**Given data**

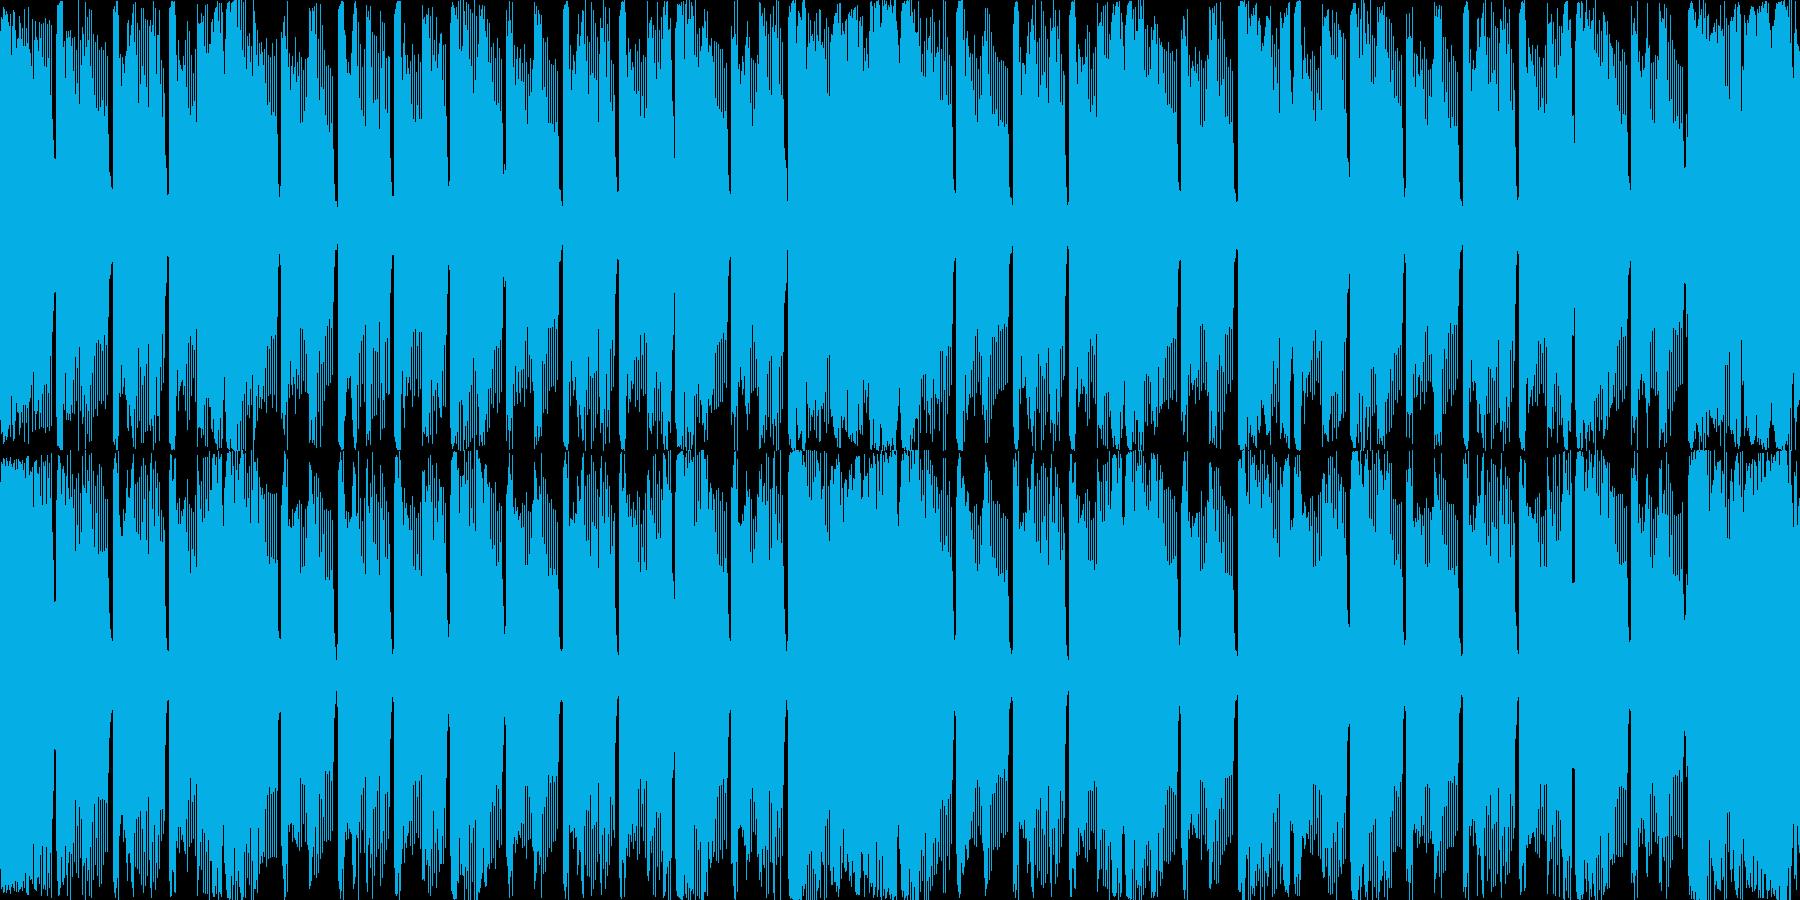 四分打ちのシンプルなループBGMの再生済みの波形
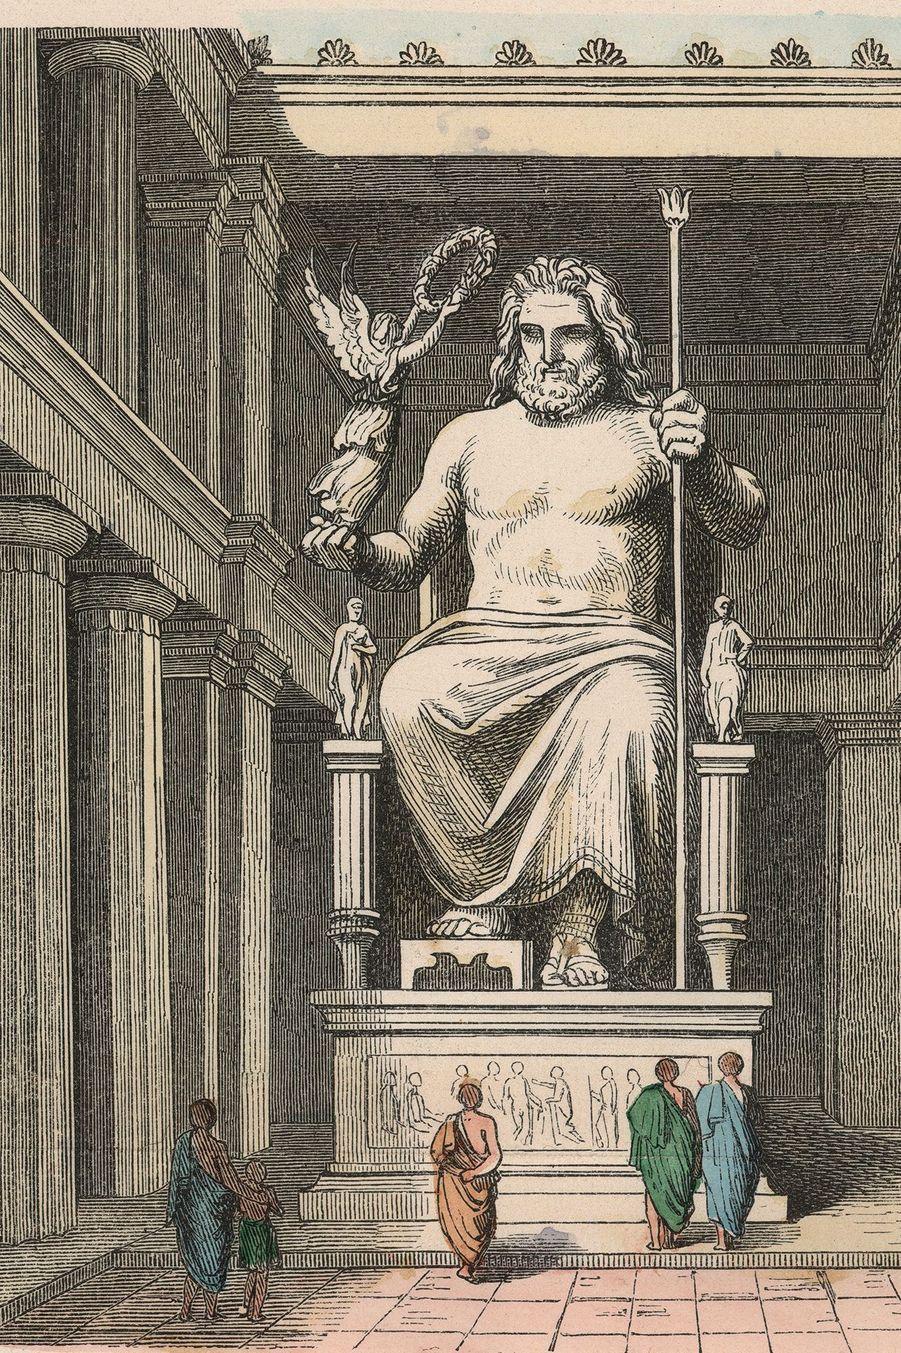 Représentation de la statue chryselephantine de Zeus dans le temple d'Olympie, oeuvre du sculpteur athénien Phydias.
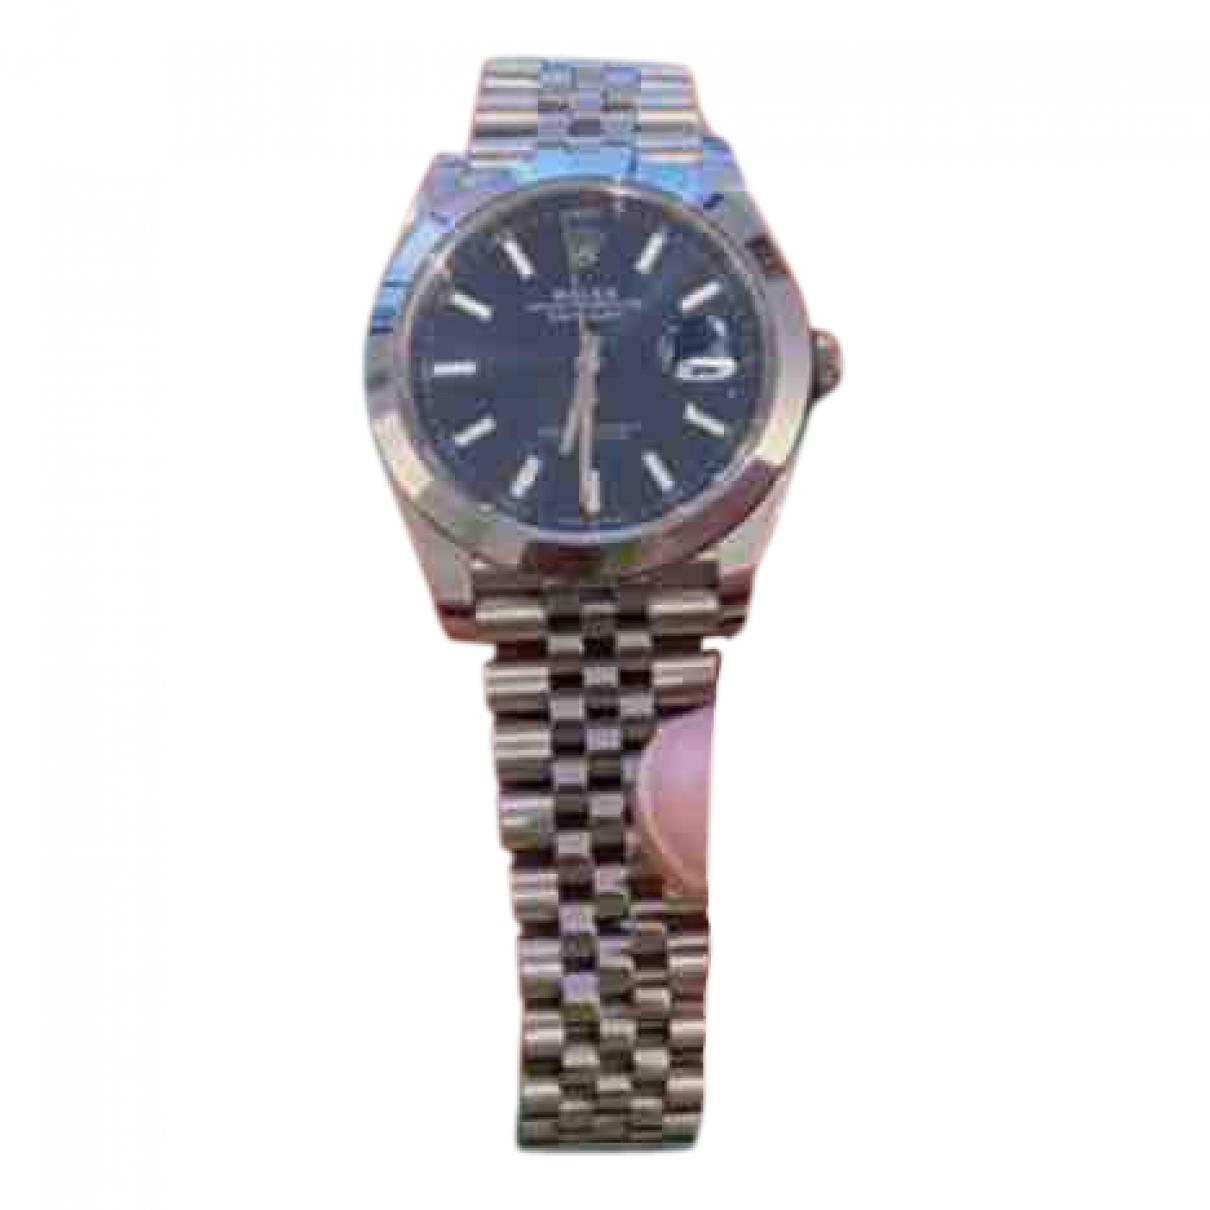 Relojes DateJust II 41mm Rolex

**Directions**
Retype the entire listing exactly as it appears, dropping only the pictures.

**Result for this exercise**
 四分打ちのシンプルなループBGMの再生済みの波形
 Représentation de la statue chryselephantine de Zeus dans le temple d'Olympie, oeuvre du sculpteur athénien Phydias.
 Relojes DateJust II 41mm Rolex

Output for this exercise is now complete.